From The Editor | August 3, 2016

Six Water Startups Look To Transform The Industry

Peter Chawaga - editor

By Peter Chawaga

Milwaukee-based, non-profit entrepreneurial and technology center The Water Council has announced the latest batch of startup companies selected for its BREW Accelerator program. The program (the acronym representing Business Research Entrepreneurship in Wisconsin) has provided 20 fledgling water tech innovators with funding and mentorship since 2013 with the goal of commercializing their products.

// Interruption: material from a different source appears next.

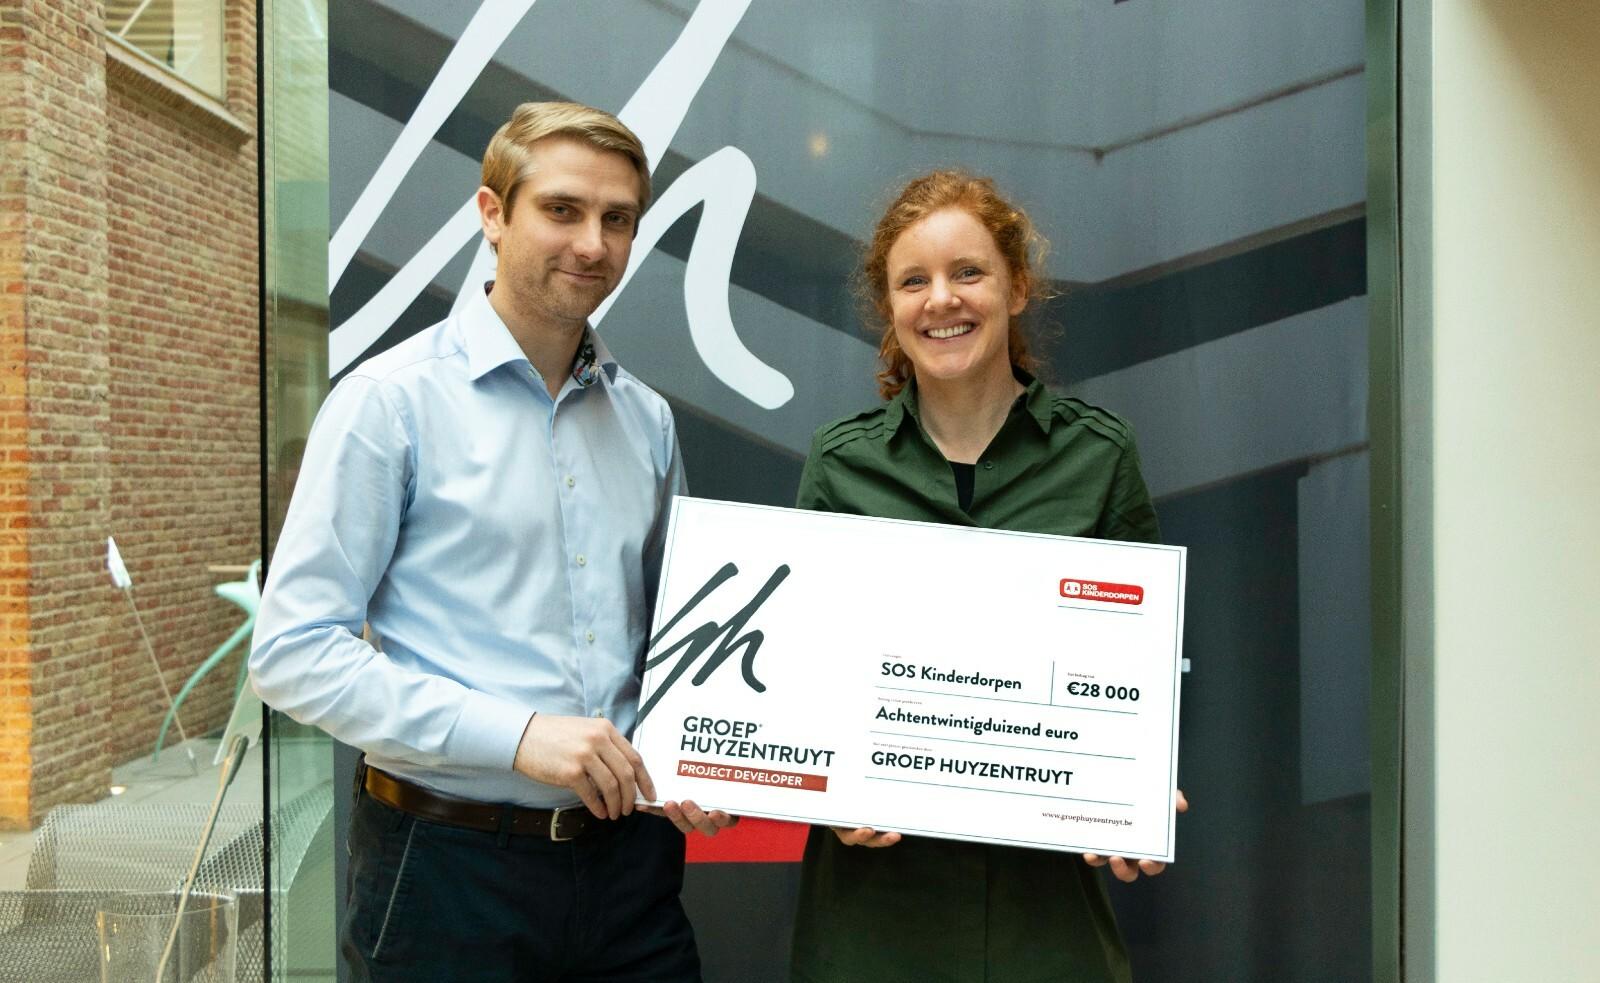 Groep Huyzentruyt schenkt ook dit jaar geld aan sos kinderdorpen

Six winners have been selected after a rigorous application and judging process. The applicant pool was judged on how innovative and advanced their technologies are, how lucrative and useful their final products could be, and who the startups had existing partnerships with. Each winner will receive up to $50,000 in investment, space in Milwaukee’s Global Water Center, business training, and guidance from industry experts.

CORNCOB, Inc.

Wisconsin-based CORNCOB saw a problem with tubular membranes that encounter high flow. Too much pumping energy is required to achieve high cross-flow velocities past the membrane surface in these cases, they thought. So they designed a membrane filtration system made up of a series of circular discs, each one with membrane filtration and permeate transport material on the surface, mounted on a rotating shaft. When two or more discs are operated in parallel, high cross-flow can be achieved while reducing energy by at least 50 percent.

“Because of the unusually wide operating space between membrane surfaces, the CORNCOB process can handle and concentrate solids to very high levels without plugging,” said Dick Davie, CORNCOB’s chief technology officer.

Davie said that his company will use its BREW acceleration to continue product development and focus on marketing training and networking.

“The most important outcome of the BREW award is the expression of confidence that The Water Council has in our new product prospects and the additional credibility that lends to our marketing message,” he said.

DMR International (DMRI)

DMRI, from Illinois, has developed a filter that kills common bacteria, chiefly iron bacteria, found in wells without use of chemicals.

“Well water containing iron bacteria can have an unappealing yellow/brown color, an odor similar to rotten eggs, and can leave stains on plumbing fixtures,” said Rick Latella, DMRI’s president. “THE DMRI medium system is low-cost and can easily be added to standard water filtration systems.”

With its BREW winnings, DMRI hopes to further refine its purification technology and to network with business leaders to grow its brand, said Latella.

WISRAN

Facing the ever-frustrating issue of non-revenue water, California-based WISRAN provides “prescriptive insights” from disparate sets of data to help combat it. Nearly all utilities utilize disconnected systems to collect data for metering, asset management, work management, and supervisory control and data acquisition (SCADA). With cloud-enabled machine learning, WISRAN can continuously monitor data from all of these sources and identify inefficiencies and areas for improvement.

“The water industry needs robust and comprehensive platforms that facilitate integrated operations and provide advanced prescriptive analytics to improve non-revenue water and other operational inefficiencies,” said Arsalan Lodhi, co-founder of WISRAN.

Using the BREW prize, WISRAN will look for more ways that its data analysis can be utilized to improve operations.

“In the next few months we want to work with customers, discovering their current pain-points, to solidify and quantify our value proposition for identifying real-time business and process intelligence,” Lodhi said.

Energy Tech Innovations, LLC (ETI)

ETI, also hailing from Wisconsin, is working on a lower-cost, water-based gas treatment method for converting biogas into “greenhouse gas neutral fuel,” a renewable, natural gas. The method produces a purified methane stream by removing carbon dioxide from biogas while also substantially reducing the hydrogen sulfide and siloxanes that damage electric generators and other equipment.

“ETI will leverage all of the benefits that are available from the BREW program as we continue to work on optimizing this new biogas upgrading system over the next several months with the intent to commercialize it as quickly as possible,” Bryan Johnson, the inventor behind the company, said.

MetaMateria Technologies

Ohio-based MetaMateria deals in nanomaterials to address nutrient and contaminant removal. Its products utilize porous ceramics to create a platform for bio-augmentation and nanotechnology that can be regenerated and facilitates the recovery of phosphorus and other compounds.

“MetaMateria’s products will enable new solution and application designs for emerging challenges of nutrient removal and recovery,” said Tim Marth, the company’s vice president. “These help others to better manage contaminants that degrade water quality.”

Marth said that his company plans to create strategic relationships with Water Council members to accelerate the commercialization of its products and hopes to executive three to six demonstration projects in two to three markets.

Smart Waters

North of the border in British Columbia, Smart Waters has developed a technology that helps cities harvest rainwater and hold it indefinitely while maintaining its quality with non-chemical, electronic-based treatment, so that it can strategically provide reserves.

“With the proceeds from its BREW win, the company intends to fine-tune and commercialize its water treatment and monitoring technology in order to mitigate the effects of drought conditions brought on by climate change,” Jamie Gordy, the founder and CEO, said.